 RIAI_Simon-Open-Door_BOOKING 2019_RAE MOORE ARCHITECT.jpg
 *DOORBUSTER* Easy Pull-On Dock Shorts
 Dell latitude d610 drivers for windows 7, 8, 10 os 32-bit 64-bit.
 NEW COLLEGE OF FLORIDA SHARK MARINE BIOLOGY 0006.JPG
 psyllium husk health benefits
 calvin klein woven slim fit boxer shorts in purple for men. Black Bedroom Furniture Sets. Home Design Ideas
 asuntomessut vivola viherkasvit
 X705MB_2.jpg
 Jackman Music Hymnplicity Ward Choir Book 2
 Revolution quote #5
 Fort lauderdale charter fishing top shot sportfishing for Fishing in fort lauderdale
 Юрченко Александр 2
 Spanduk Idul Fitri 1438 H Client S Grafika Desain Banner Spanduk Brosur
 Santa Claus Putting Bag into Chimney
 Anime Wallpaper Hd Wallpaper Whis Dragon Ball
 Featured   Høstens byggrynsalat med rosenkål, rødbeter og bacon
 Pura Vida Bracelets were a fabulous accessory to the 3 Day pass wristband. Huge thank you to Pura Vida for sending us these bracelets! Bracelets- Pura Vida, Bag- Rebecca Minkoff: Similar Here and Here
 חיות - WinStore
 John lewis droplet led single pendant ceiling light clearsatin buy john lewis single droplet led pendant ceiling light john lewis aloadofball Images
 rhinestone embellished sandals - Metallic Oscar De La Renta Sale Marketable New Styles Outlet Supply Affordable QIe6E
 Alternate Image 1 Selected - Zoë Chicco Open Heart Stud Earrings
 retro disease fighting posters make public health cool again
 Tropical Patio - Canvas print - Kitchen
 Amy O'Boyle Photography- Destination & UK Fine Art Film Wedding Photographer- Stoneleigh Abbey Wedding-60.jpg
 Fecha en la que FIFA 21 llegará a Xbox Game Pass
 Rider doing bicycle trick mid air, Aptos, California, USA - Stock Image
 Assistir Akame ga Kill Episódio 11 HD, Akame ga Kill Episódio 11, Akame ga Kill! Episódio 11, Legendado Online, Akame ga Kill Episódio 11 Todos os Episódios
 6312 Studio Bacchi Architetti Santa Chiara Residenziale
□ □ □ □ □ □ □
Repeat each record word for word. Do not leave any out.

 RIAI_Simon-Open-Door_BOOKING 2019_RAE MOORE ARCHITECT.jpg
 *DOORBUSTER* Easy Pull-On Dock Shorts
 Dell latitude d610 drivers for windows 7, 8, 10 os 32-bit 64-bit.
 NEW COLLEGE OF FLORIDA SHARK MARINE BIOLOGY 0006.JPG
 psyllium husk health benefits
 calvin klein woven slim fit boxer shorts in purple for men. Black Bedroom Furniture Sets. Home Design Ideas
 asuntomessut vivola viherkasvit
 X705MB_2.jpg
 Jackman Music Hymnplicity Ward Choir Book 2
 Revolution quote #5
 Fort lauderdale charter fishing top shot sportfishing for Fishing in fort lauderdale
 Юрченко Александр 2
 Spanduk Idul Fitri 1438 H Client S Grafika Desain Banner Spanduk Brosur
 Santa Claus Putting Bag into Chimney
 Anime Wallpaper Hd Wallpaper Whis Dragon Ball
 Featured   Høstens byggrynsalat med rosenkål, rødbeter og bacon
 Pura Vida Bracelets were a fabulous accessory to the 3 Day pass wristband. Huge thank you to Pura Vida for sending us these bracelets! Bracelets- Pura Vida, Bag- Rebecca Minkoff: Similar Here and Here
 חיות - WinStore
 John lewis droplet led single pendant ceiling light clearsatin buy john lewis single droplet led pendant ceiling light john lewis aloadofball Images
 rhinestone embellished sandals - Metallic Oscar De La Renta Sale Marketable New Styles Outlet Supply Affordable QIe6E
 Alternate Image 1 Selected - Zoë Chicco Open Heart Stud Earrings
 retro disease fighting posters make public health cool again
 Tropical Patio - Canvas print - Kitchen
 Amy O'Boyle Photography- Destination & UK Fine Art Film Wedding Photographer- Stoneleigh Abbey Wedding-60.jpg
 Fecha en la que FIFA 21 llegará a Xbox Game Pass
 Rider doing bicycle trick mid air, Aptos, California, USA - Stock Image
 Assistir Akame ga Kill Episódio 11 HD, Akame ga Kill Episódio 11, Akame ga Kill! Episódio 11, Legendado Online, Akame ga Kill Episódio 11 Todos os Episódios
 6312 Studio Bacchi Architetti Santa Chiara Residenziale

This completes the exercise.